Apple uses end-to-end encryption for iMessages, which are text messages exchanged between two iPhones, as well as FaceTime calls. However, if users back up their messages using iCloud, the contents of these messages become accessible to Apple and, therefore, subject to official data requests.

Apple’s iPhones and some Android smartphones are likewise encrypted, which has resulted in legal battles with the FBI over access. However, police enforcement agencies all around the country routinely employ equipment that can effectively hack into digital devices to extract data.

As Congress and the courts consider how to regulate technology companies through antitrust laws, they may also consider how these companies act as surveillance intermediaries. The fact that private companies wield so much power in defining the appropriate balance between privacy and security may not be ideal since the way these companies handle their role can vary dramatically.

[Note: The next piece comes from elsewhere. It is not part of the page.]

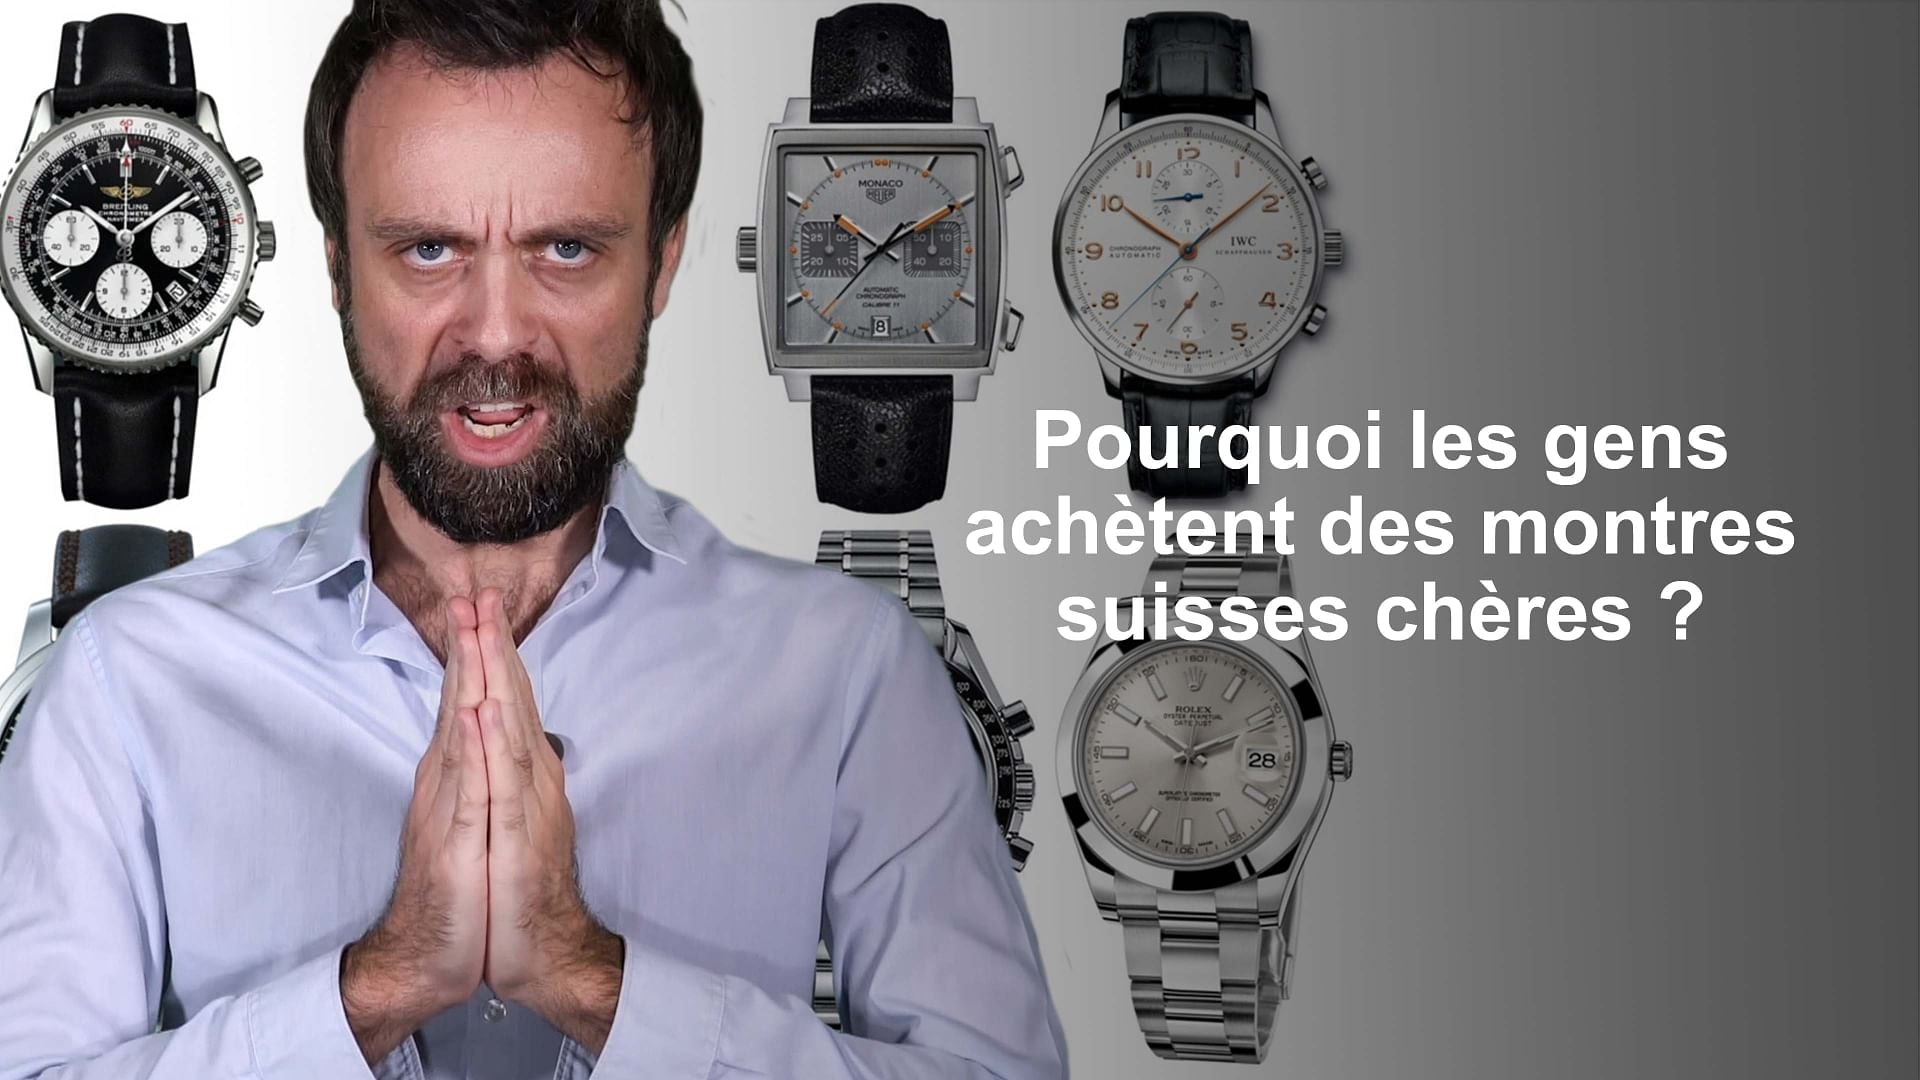 Suisse ? - Pourquoi les gens achètent des montres suisses super chères?

On the other hand, there’s no denying that law enforcement agencies also benefit greatly from the type of data these tech companies can collect and supply. Evidence provided by tech companies is often vital in national security investigations and criminal cases.

While some have seen this as a drawback, stating that the Facebooks of the world make it uncomfortably easy for the government to transform into a dystopian surveillance state, there are multiple reasons to regard this benefit for law enforcement agencies as a public good. The information gathered through Big Tech is invaluable in investigating terrorism, murder, and other major crimes.

Tech companies have access to exactly the type of information that investigators need — where people travel, who they speak with, and so on. Furthermore, getting this information through them means that the targets of these official requests have no idea they are being investigated.

Andrew Guthrie Ferguson, a professor at American University Washington College of Law, explains that what most people don’t understand about the digital devices they use is how easily investigators can get access to the data these devices collect on us. The internet leaves very little room for secrets, and our devices are constantly being monitored. This implies that our data is always just a government request away from being revealed.